• Data listing:
⟨

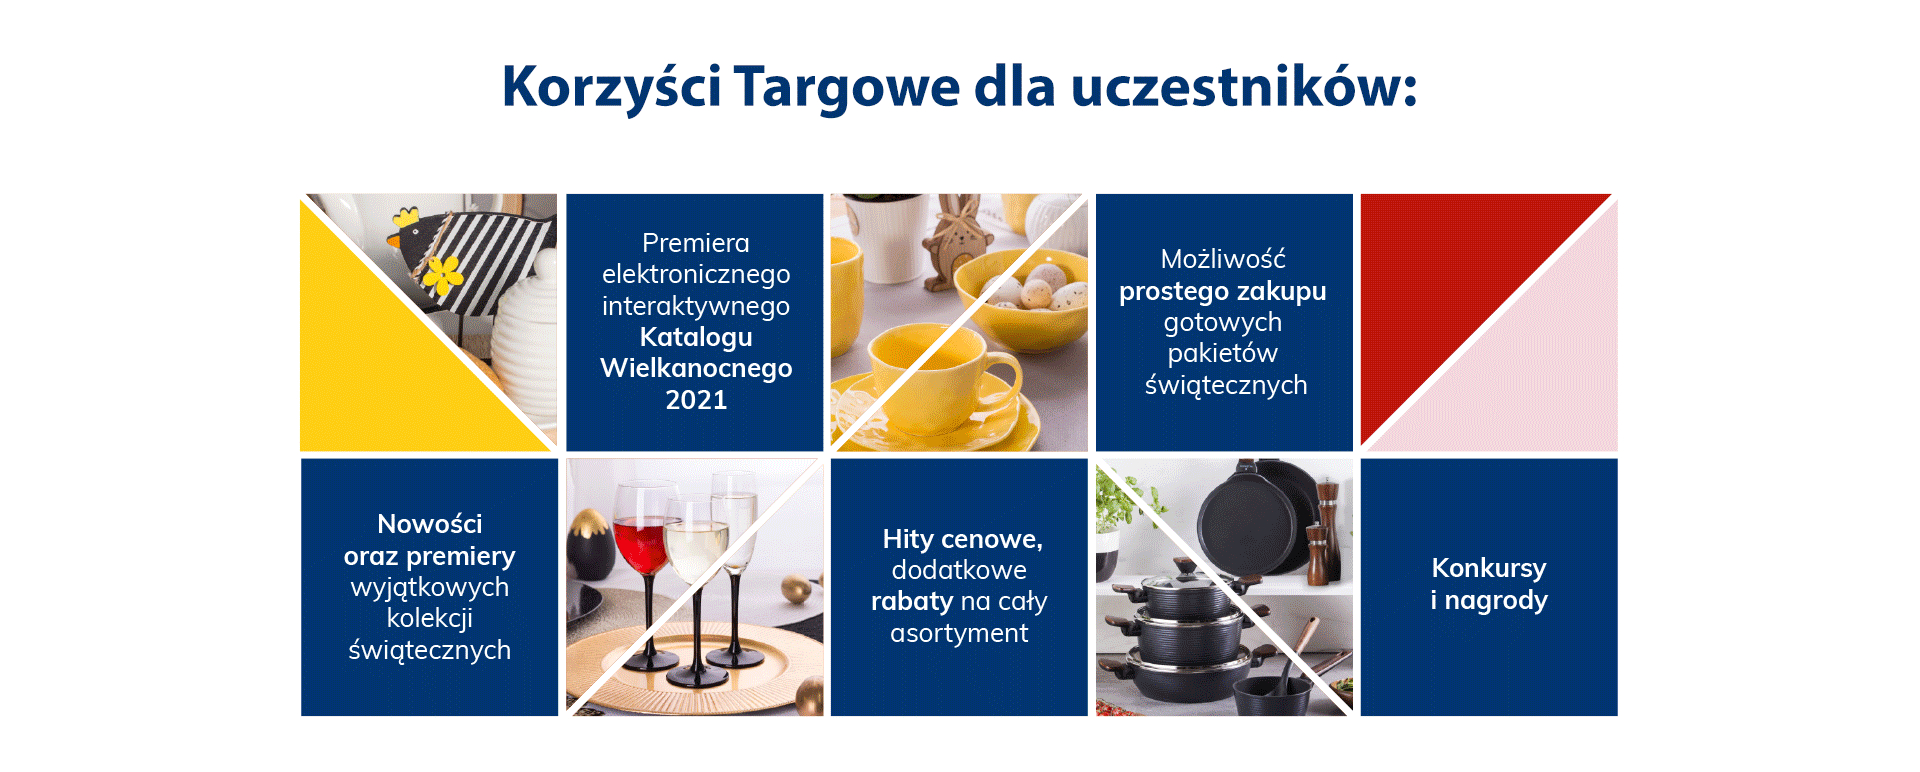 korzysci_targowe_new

⟩
⟨

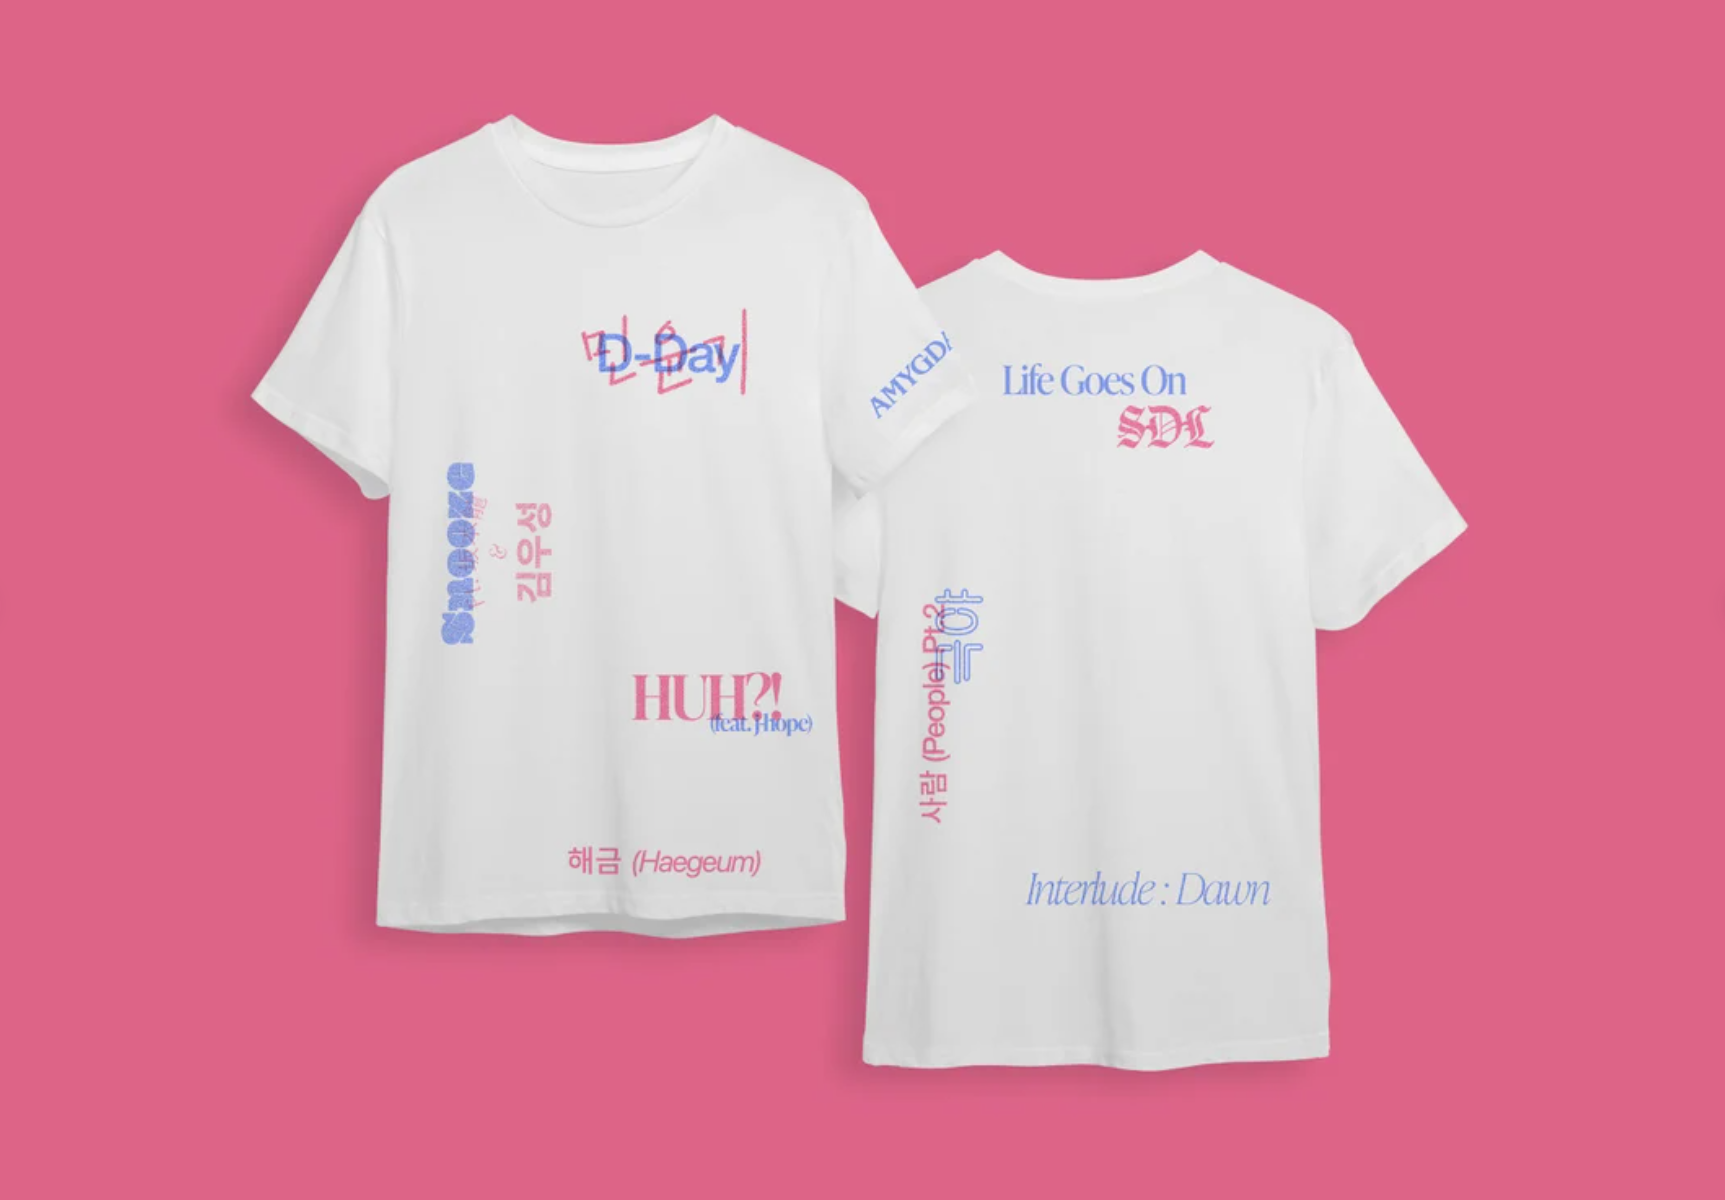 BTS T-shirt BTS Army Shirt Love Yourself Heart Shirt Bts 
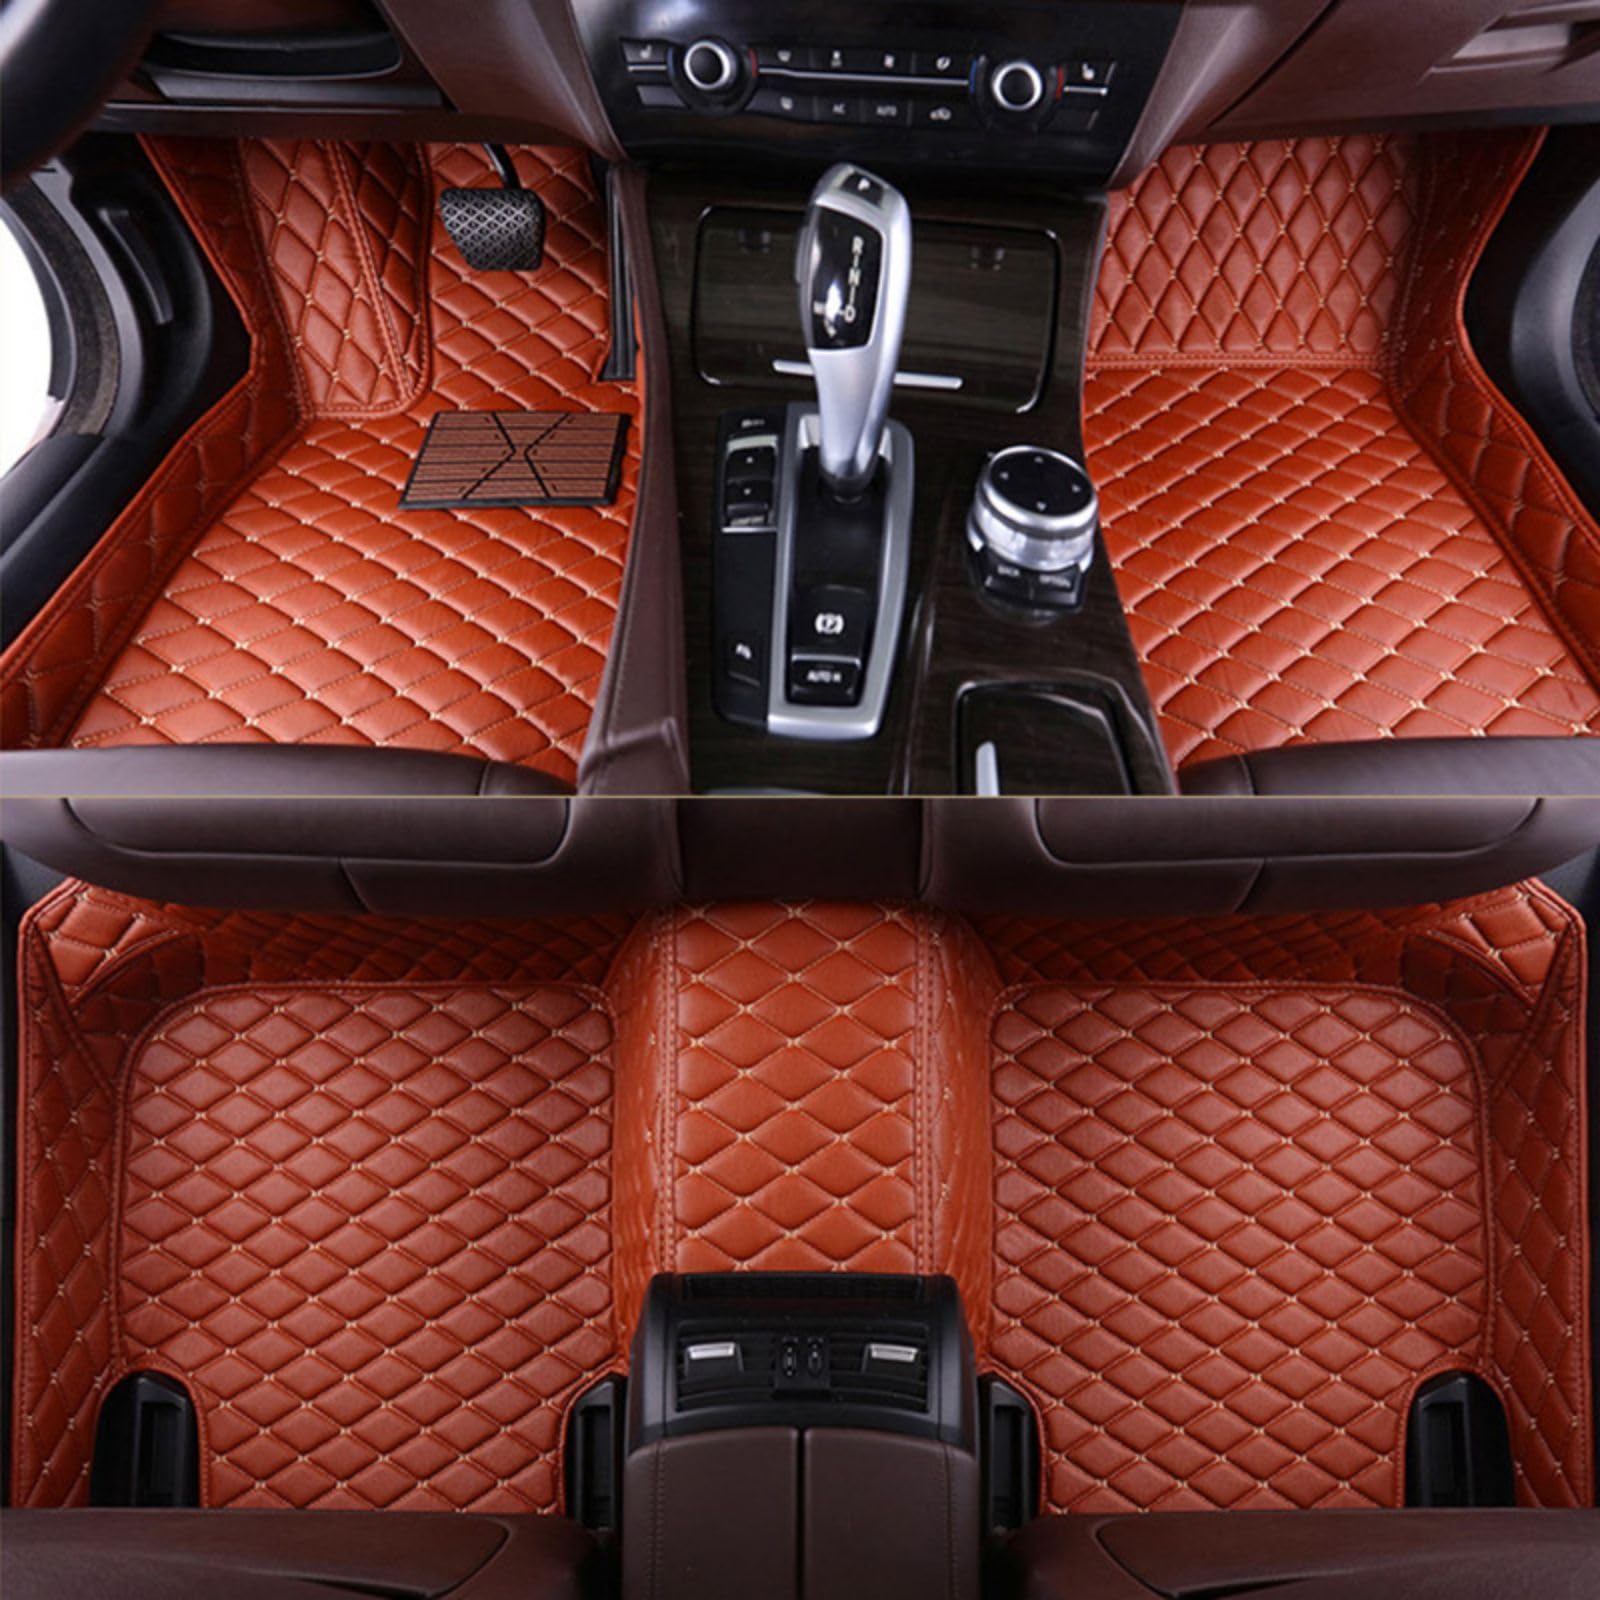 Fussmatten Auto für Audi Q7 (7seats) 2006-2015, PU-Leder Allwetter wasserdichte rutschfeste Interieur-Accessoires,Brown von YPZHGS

⟩

• Problem to solve: Looking at the listing above, which lines run from the one containing "BTS T-shirt BTS" through the one containing "Fussmatten Auto für"? Print exactly those, ends included, pictures excluded.

• Task answer:
 BTS T-shirt BTS Army Shirt Love Yourself Heart Shirt Bts 
 Fussmatten Auto für Audi Q7 (7seats) 2006-2015, PU-Leder Allwetter wasserdichte rutschfeste Interieur-Accessoires,Brown von YPZHGS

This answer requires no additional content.